How to show external page in iframe sans Javascript in Firefox?

[michael887]

I'm trying to load an external site in an iframe for my Firefox visitors. The external page is loaded with javascript, and I would like this to be stripped out. For Chrome, the HTML5 sandbox="" works perfectly, and with IE the security="restricted" does the job just fine. With Firefox, I'm struggling.

I've been using the CSP policy directive as described here, but I can't seem to get the right configuration. The following line will load the page, but the javascript on the external site still loads.

PHP Code:

header("X-Content-Security-Policy: allow 'self'; object-src 'self'; script-src 'self'; frame-src *.externalsite.com; img-src 'self'"); 


I've tried dozens of other configurations and seem to have hit a brick wall. Will this work with the CSP directive? Should I look somewhere else to allow an external site to load in an iframe sans javascript in Firefox? Is this even possible in Firefox?

[felgall]

The options for disabling JavaScript like that are still very new and so not all browsers currently have a way that works.
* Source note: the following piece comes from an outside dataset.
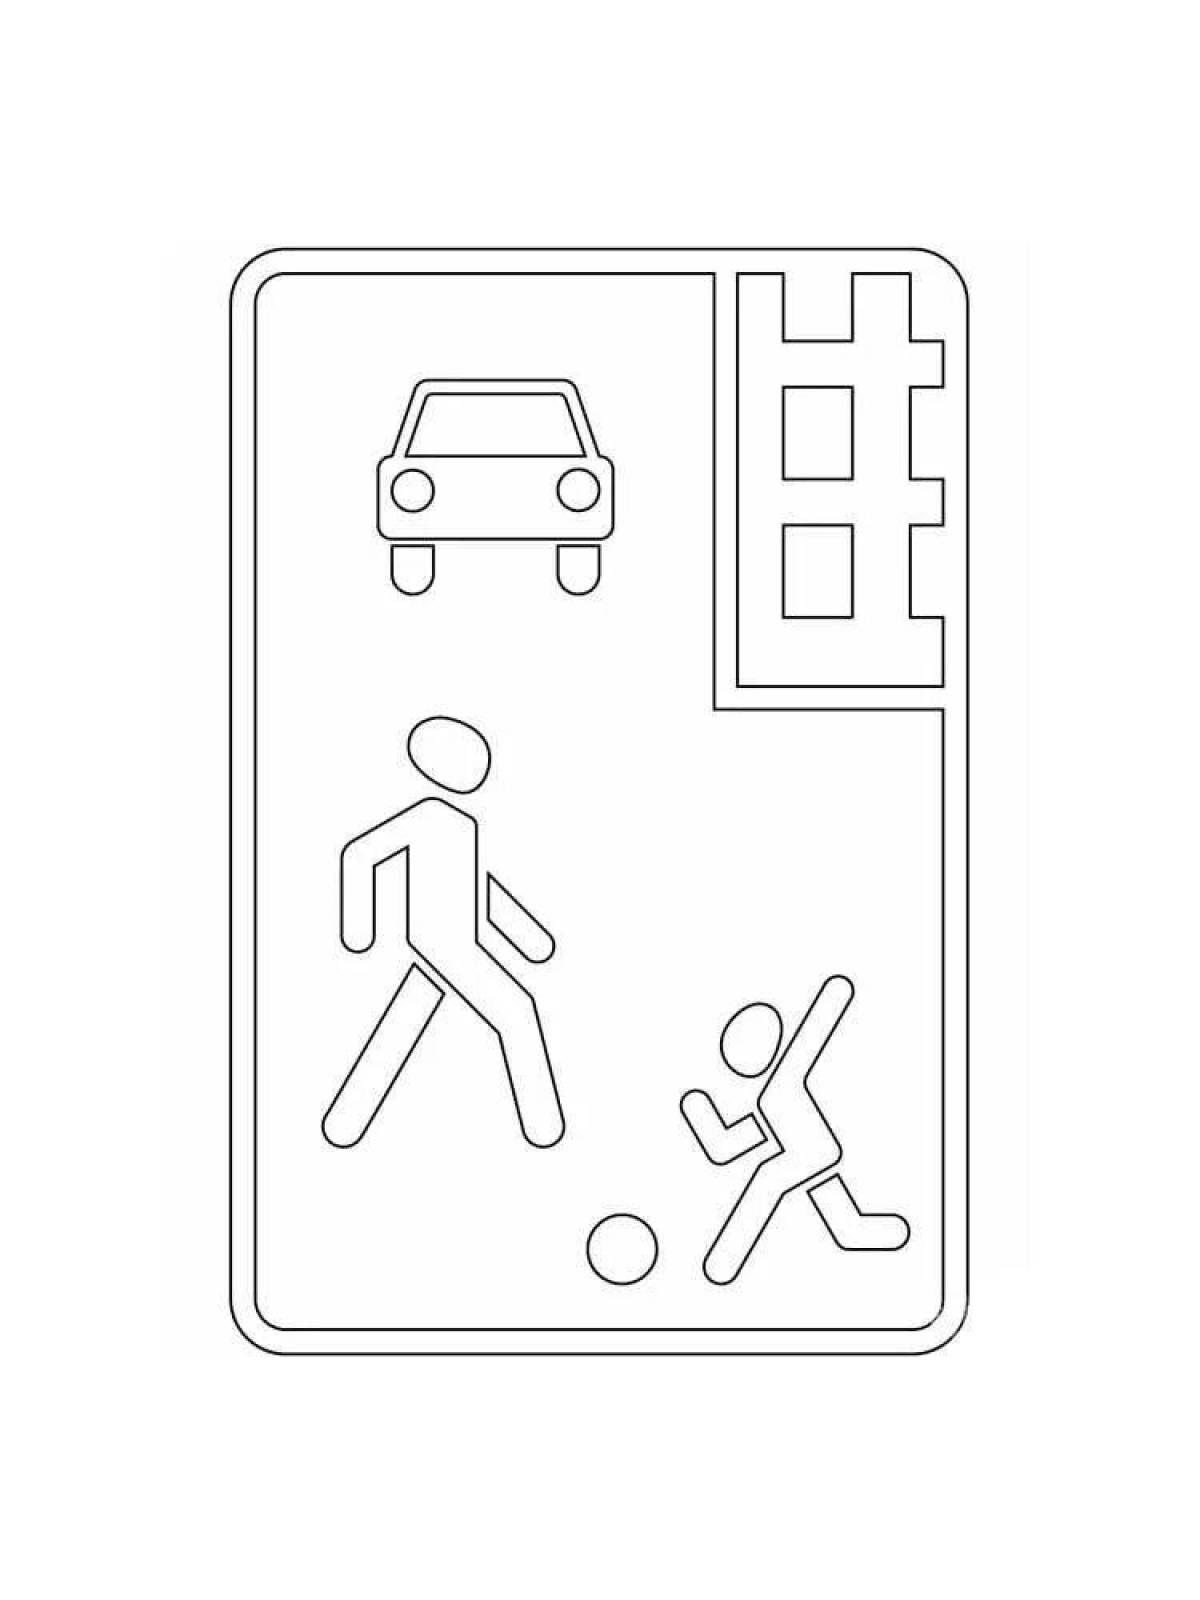 Fun caution kids sign coloring page

One thing that all of the browsers do implement is that whatever page that is loaded in the iframe will not be able to have its JavaScript communicate with anything outside of the iframe unless the page is loaded from the same domain as the main page OR both sites have JavaScript that implements postMessage calls specifically to pass data between them (which you certainly are not going to be implementing on your page). So even if you don't manage to disable the scripts in the loaded page they will still be greatly limited in what they can do.

[michael887]

Thanks for your reply felgall. I've been using a php proxy script that loads the page first, strips the javascript, and then displays it in the iframe. I'd really like to not do that, but it seems like with Firefox I'll be stuck until they add in sandbox support.